Aujourd’hui les magistrats comme les policiers sont contraints de faire des choix faute de ne pouvoir tout appréhender. Il convient de remarquer ici que tous les petits désordres ne devraient pas être judiciarisés. Si l’on veut respecter le principe de la séparation des pouvoirs il ne faut pas « gâcher » l’usage des institutions à vouloir tout traiter.

Dans mes commissariats je consacrais parfois une journée à lire toutes les plaintes, toutes les mains courantes, tous les rapports de police. C’était une façon de percevoir l’activité générale du service sur 24 heures. J’en concluais à chaque fois que nous ne pouvions aller à l’essentiel face à la sollicitation de la population de plus en plus exigeante, devenue inapte à assurer ce que l’on pourrait appeler le contrôle social. Comme nous ne pouvions garder les procédures pour nous (sous réserve de mes considérations sur la vérité des statistiques) tout était adressé au parquet. Je me suis toujours demandé comment les magistrats pouvaient faire le tri de manière sérieuse, sans jamais se tromper sur le devenir d’une procédure.

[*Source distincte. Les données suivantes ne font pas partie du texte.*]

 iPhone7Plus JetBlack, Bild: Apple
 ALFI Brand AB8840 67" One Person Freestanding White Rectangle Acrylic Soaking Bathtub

C’est la cohérence de la chaine pénale qu’il faut renforcer dès l’origine par des actions concertées sur le terrain avec des objectifs communs. Le cas de délinquants récidivistes pourraient être examinés, notamment quant à leur dangerosité dans leur environnement. Les Groupes locaux de traitement de la délinquance, dirigés par des magistrats avec des acteurs de terrain, semblent être une solution à privilégier pour éviter de s’épuiser à traiter le flot statistique de la délinquance.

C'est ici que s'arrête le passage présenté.